All read and traversal operations have async equivalents. Blocking Rust work runs on a Tokio thread pool — your asyncio event loop is never blocked:

import asyncio, maggraph

async def agent_loop():
    config = maggraph.load_config("maggraph.toml")
    index  = config.open_index()

    # Non-blocking reads
    node   = await index.read_node_async("welcome")
    result = await index.traverse_async("welcome", depth=3, order="bfs")

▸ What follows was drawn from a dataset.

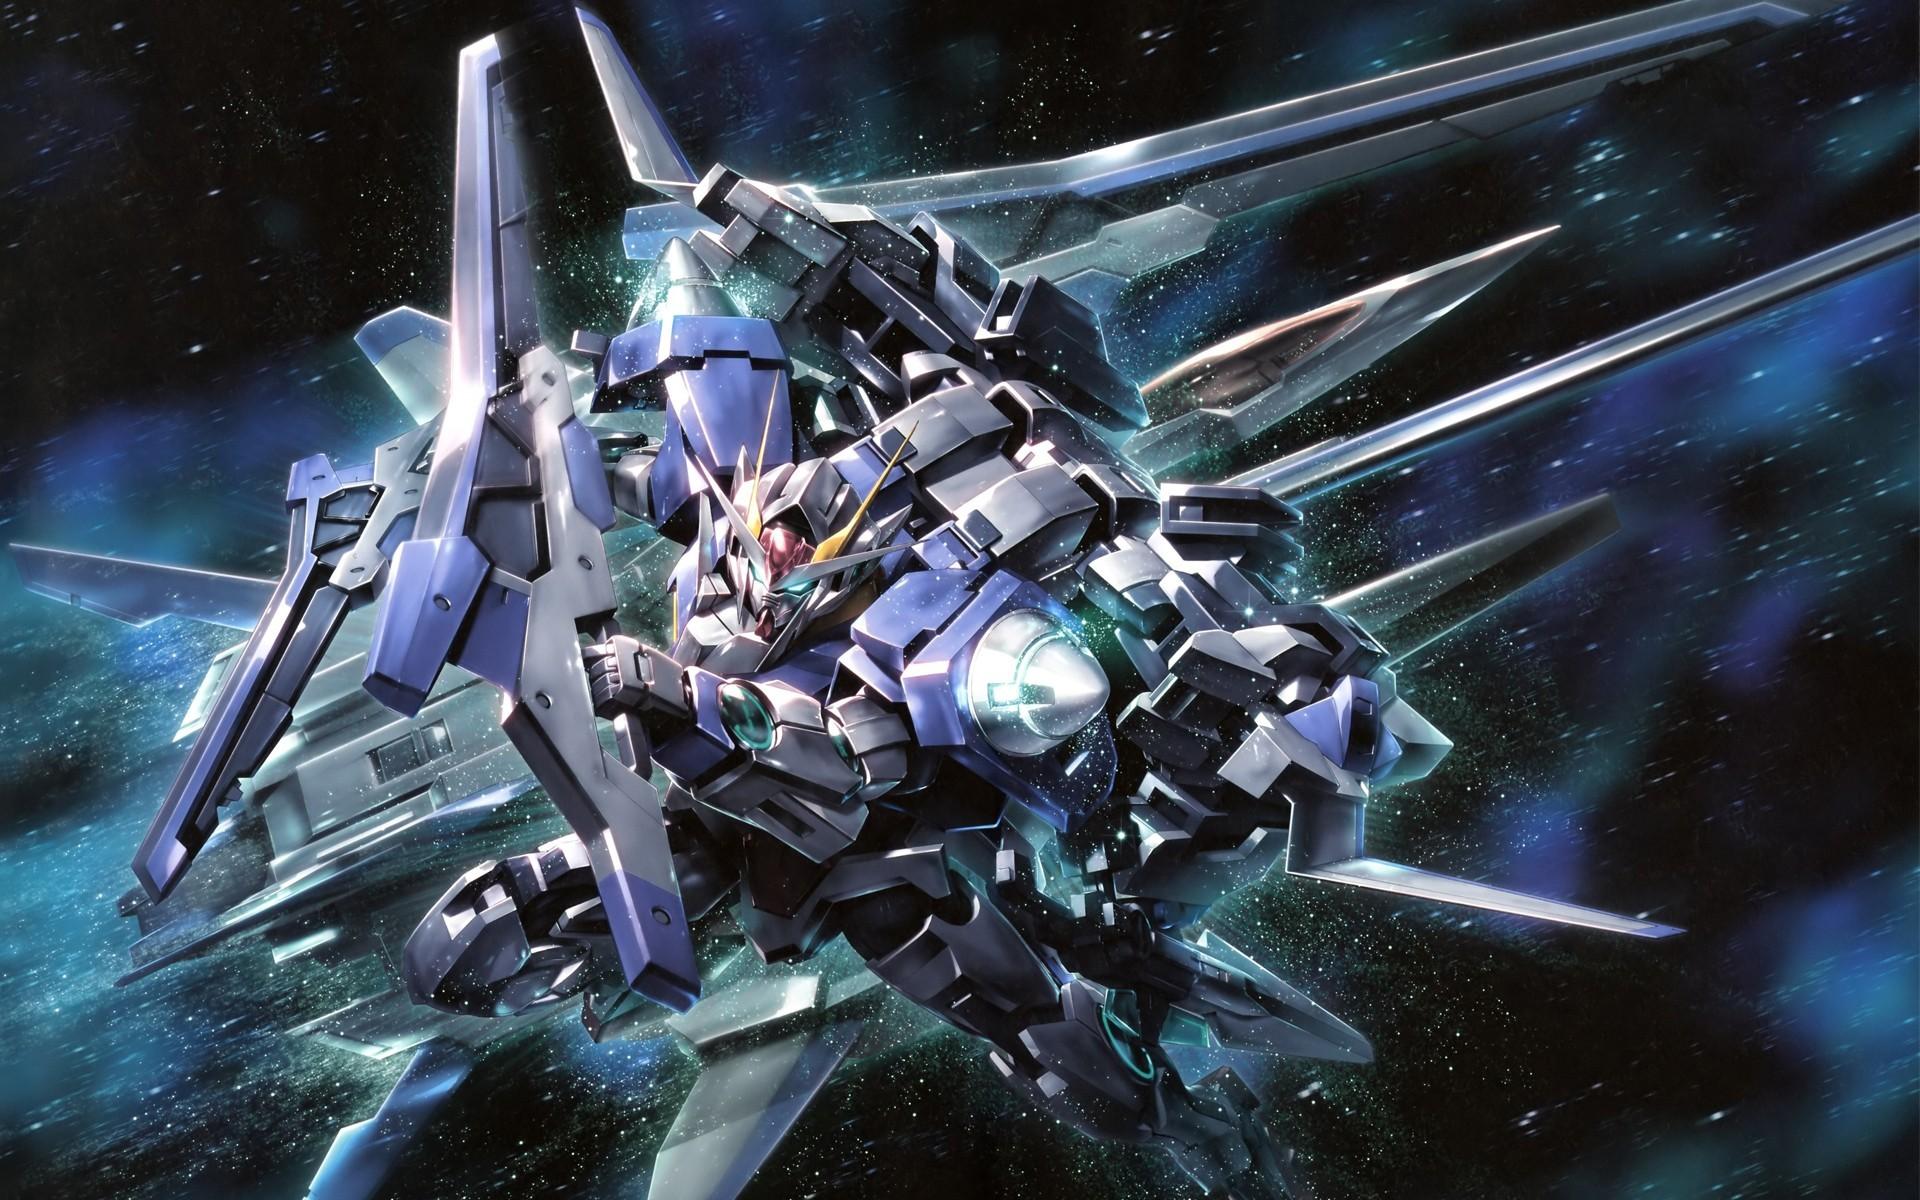 Mobile Suit Gundam 00 Anime Space Mechs Robots

    print(result.to_markdown(index))

    # LakehouseReader also has an async path
    reader = config.open_lakehouse_reader()
    nwc    = await reader.read_node_async(index, "customer_churn_q2")
    print(nwc.content.to_markdown())

asyncio.run(agent_loop())

LakehouseReader

When storage_mode = "lakehouse", nodes can point at external data sources. LakehouseReader resolves those pointers at read time and caches results:

import maggraph

config = maggraph.load_config("maggraph.toml")  # mode = "lakehouse"
index  = config.open_index()
reader = config.open_lakehouse_reader()

# Resolve a node's external content
result = reader.read_node(index, "customer_churn_q2")

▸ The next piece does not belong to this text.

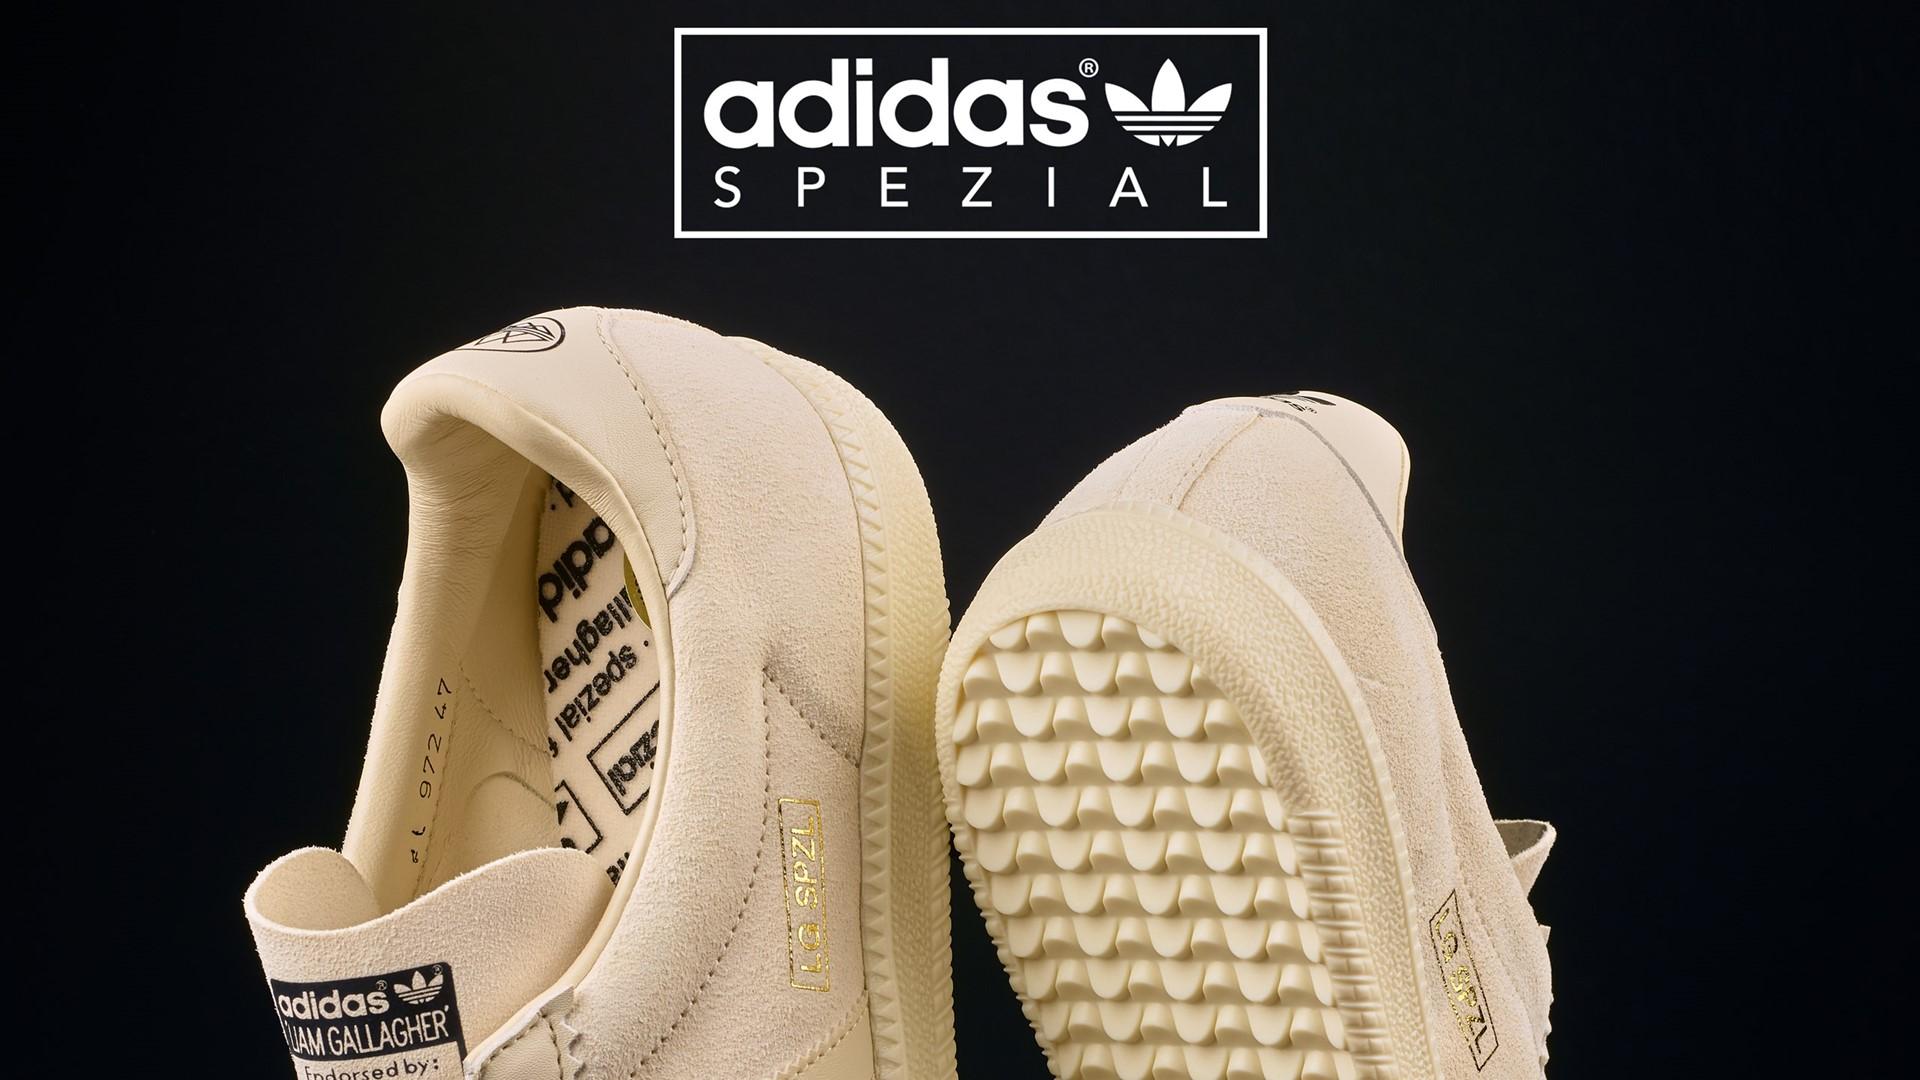 adidas SPEZIAL unveils the LG SPZL

print(result.node.id)          # "customer_churn_q2"
print(result.content.kind)     # "local" | "text" | "external_asset"
print(result.content.uri)      # "s3://corp-data/lake/churn_q2.parquet"
print(result.content.format)   # "parquet"
print(result.content.size_bytes)         # bytes, if known
print(result.content.parquet_magic_valid)# True/False for Parquet files

# Agent-friendly Markdown summary
print(result.content.to_markdown())
# → ## External asset
#   **URI:** `s3://corp-data/lake/churn_q2.parquet`
#   **Format:** `parquet`

# Convenience: call directly on the index
result2 = index.read_node_with_content(reader, "customer_churn_q2")

# Inspect the in-memory content cache
print(reader.cache_len())    # number of cached entries
print(reader.cache_bytes())  # total bytes cached

content.kind values:

`kind`	`body`	`uri`	`format`	When
`"local"`	✅ Markdown text	None	None	Local mode, or lakehouse node without `source`
`"text"`	✅ Fetched text	✅	None	External text file
`"external_asset"`	None	✅	✅	S3, Parquet, or other binary asset

CLI

Install once:

cargo install --path maggraph-cli --features maggraph/ui
# or download a pre-built binary from GitHub Releases

All commands accept --config <path> (default: maggraph.toml). Logging: -v info, -vv debug, -vvv trace. Also respects RUST_LOG.

query

Traverse the graph and print a Markdown report to stdout:

maggraph query \
  --from welcome \
  --depth 2 \
  --order bfs \
  --config examples/basic/maggraph.toml

Flag	Default	Description
`--from`	required	Start node id
`--depth`	`2`	Max traversal hops (start node = depth 0)
`--order`	`bfs`	`bfs` (breadth-first) or `dfs` (depth-first)

init

Initialize a graph root directory. With --git, also initialises a Git repository (required when [sync] is configured).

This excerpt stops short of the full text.